12/26/21 11:15 a.m., 27 degrees, Maple Leaf neighborhood

We had been promised a white Christmas. Although some areas of the region got a dusting on Dec. 25, we didn’t see it in Maple Leaf until Boxing Day – several inches of nonstop snowing and blowing. Fortunately, we didn’t have anywhere to go, so we could enjoy the quiet beauty through windows.

My first sketch of the day was one of our suet feeders from the kitchen (I sketched a snow scene with a different focus a few years ago from the same window). Using only graphite and a blending stump on white paper, it was challenging but satisfying to depict the snow piled up on the feeder and fence.
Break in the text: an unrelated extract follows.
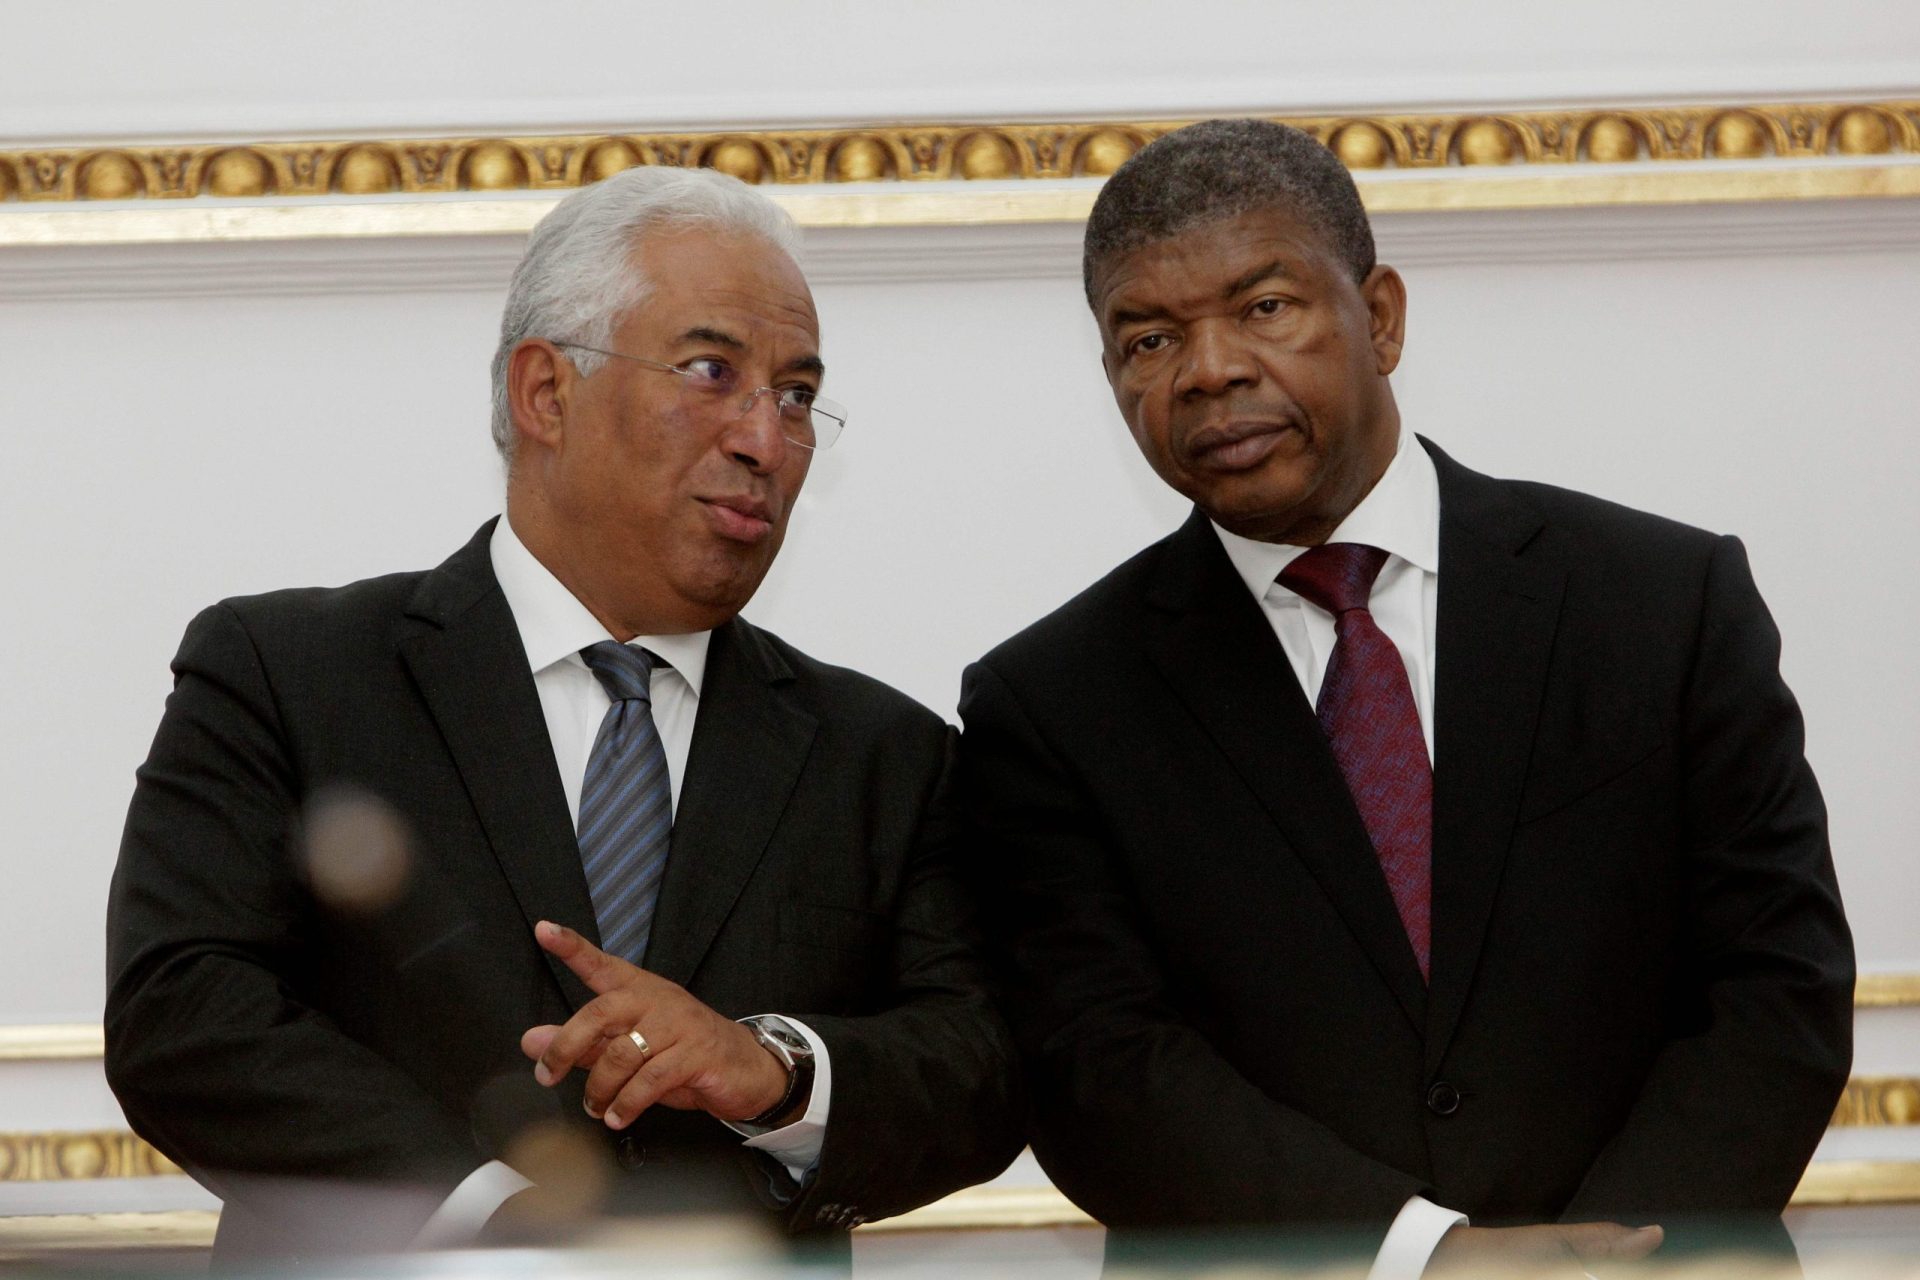 Costa garantiu apoio a Angola no combate à corrupção

What I didn’t capture, though, was the falling snow that was coming down hard and sideways. I didn’t think that erasing out the snowflakes would stand out sufficiently, so I left it alone.

12/26/21 2 p.m., 25 degrees, wind from north 

Later that day, I still wanted to try for falling snow, so I lowered the shade to a side window with a view of not much more than our neighbors’ downspout. This time using a gray Stillman & Birn Nova sketchbook, I had hoped that either a white Gelly Roll or a white Derwent Drawing Pencil would do the trick. Gray toned paper never quite seems dark enough, though, to make white stand out (and I didn’t mean for the wires to look like they were inside our window!). Not as satisfying.

Whenever we get the first snow of the season, I feel some pressure to sketch it as much as possible, since I never know how long it will last (unless we get another snowpocalypse, of course). I see more snowflake icons in the forecast, though, so I might have another chance soon.